Our beloved Spurgeon battled the Hyper-Calvinists and gave four characteristics (the following is an excerpt written about Spurgeon, not from Spurgeon himself, and the source is linked below):
1. The Hyper-Calvinist denies that gospel invitations are to be delivered to all people without exception. He limits the purpose of gospel preaching to bringing in the elect, and so only the elect is to be addressed with the commands, invitations, and offers of the Word. There is to be no pleading with, exhorting and beseeching of an entire congregation of sinners. That attitude was totally rejected by Spurgeon, who on many occasions addressed every single hearer thus: “‘These are written that ye might believe that Jesus is the Christ, the Son of God; and that believing ye might have life through his name.” Look to him, blind eyes; look to him, dead souls; look to him. Say not that you cannot; he in whose power I speak will work a miracle while yet you hear the command, and blind eyes shall see, and dead hearts shall spring into eternal life by his Spirit’s effectual working’ (MTP, 40, 1894, p.502).

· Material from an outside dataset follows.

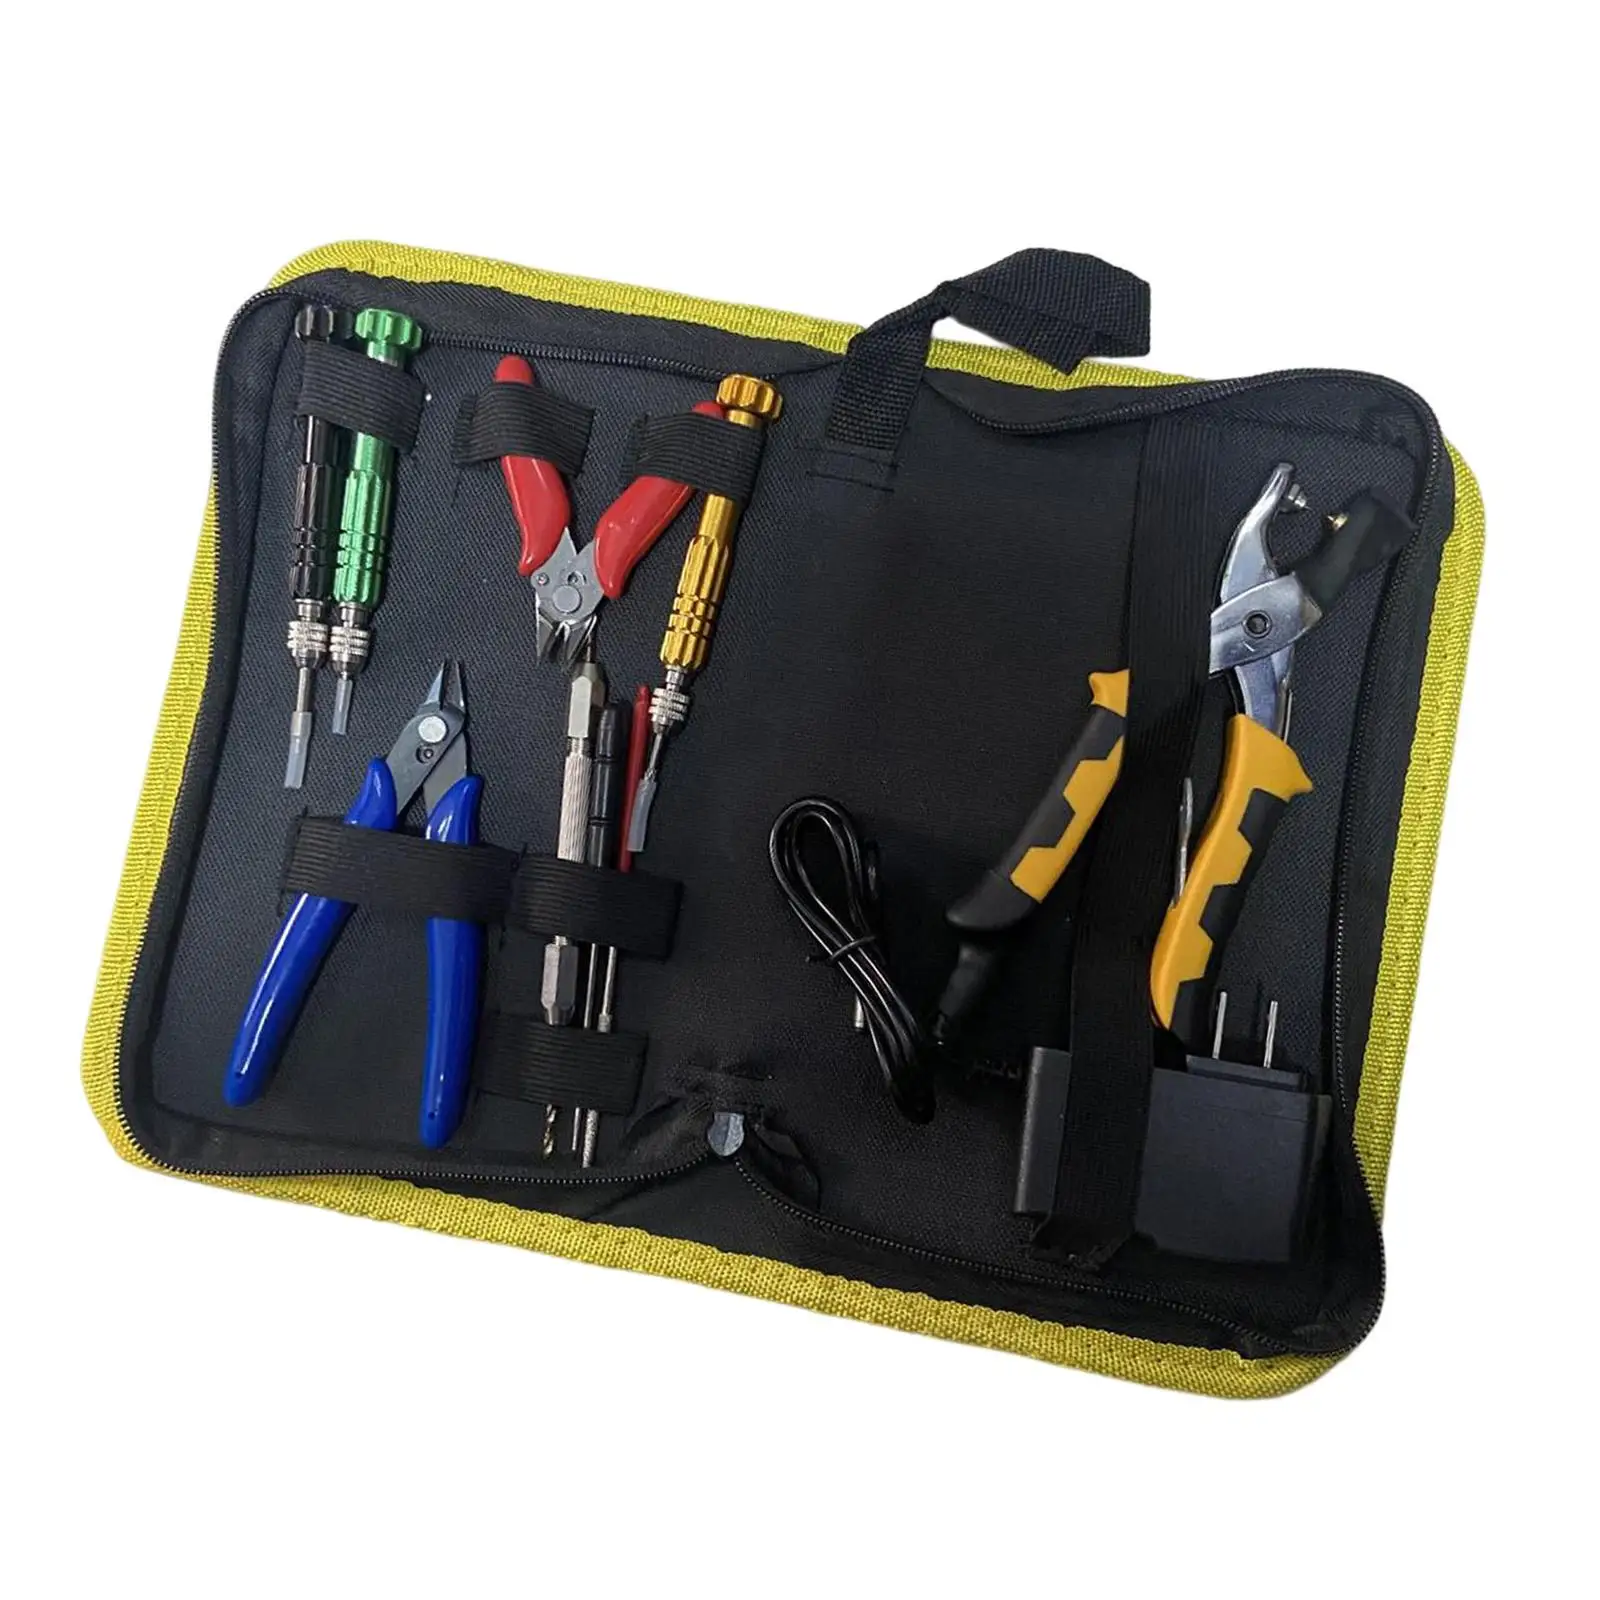 Portable Starting Stringing Clamp Tool Kit Stringing Machine Tools with Bag Badminton Racket Hot Pressure Plier for Restring

2. The Hyper-Calvinist declares that the warrant a sinner has to come to Jesus Christ is found in his own experience of conviction and assurance. That warrant, the hyper says, cannot be obtained until we are inwardly spiritually exercised. But, Spurgeon preached that all mankind has a warrant to believe extended to them, giving them the right to place their trust in the Lord Jesus. That warrant is the universal command found in the Word of God that all men should repent of their sins and should believe in the Lord Jesus. ‘Do not wait for your feelings to convince you that you can venture on Christ,’ urged Spurgeon, ‘you have the right to come just as you are today because God is sincerely beseeching you to come to his Son for pardon.’ In his 1863 sermon on the, “Warrant of Faith,” Spurgeon tells people that if the warrant were not in the Word of God but in the sinner’s own condition, the result has to be that people would be driven to look within themselves and ask, ‘Have I sufficiently broken my heart?’ rather than looking to a welcoming Saviour (MTP, Vol.9, p.529ff). And what exactly is the case today?. Spurgeon pointed out pertinently that those whose hearts are most broken feel most the obdurate hardness of their hearts.
3. The Hyper-Calvinist declares that human inability means man cannot be urged to come at that moment to Christ. A universal command must presuppose a modicum of ability, he says. Spurgeon replied that he would not tone down man’s depravity and helplessness one whit. The gospel is one of grace and therefore rests upon despair of human resources and potency. It is only on the presupposition of total depravity and complete human impotence that the full glory and power of the gospel can be declared. Spurgeon then would exalt God’s power to save. There are two lines found in Scripture, one that declares man’s helplessness through being dead in sin and yet that he is responsible to turn to God, and the other, that the Lord is sovereign to save. As John Duncan said, ‘the idea that God did half and man did half is utterly false. God doing all and man also doing all is the teaching of the Bible.’
4. The Hyper-Calvinist denies the universal love of God. He has a fearful caricature of the real nature of God which would present him as fierce, and not easily induced to love. ‘If we fellowshipped more with Christ,’ said Iain Murray, ‘we would know and love him more. Then there would be no uncertainty that God desired the salvation of sinners. ‘How oft would I have gathered you,’ says the Saviour to recalcitrant Jerusalem. – From Spurgeon's Battles with the Hyper-Calvinists (source link) [Emboldened type is my addition].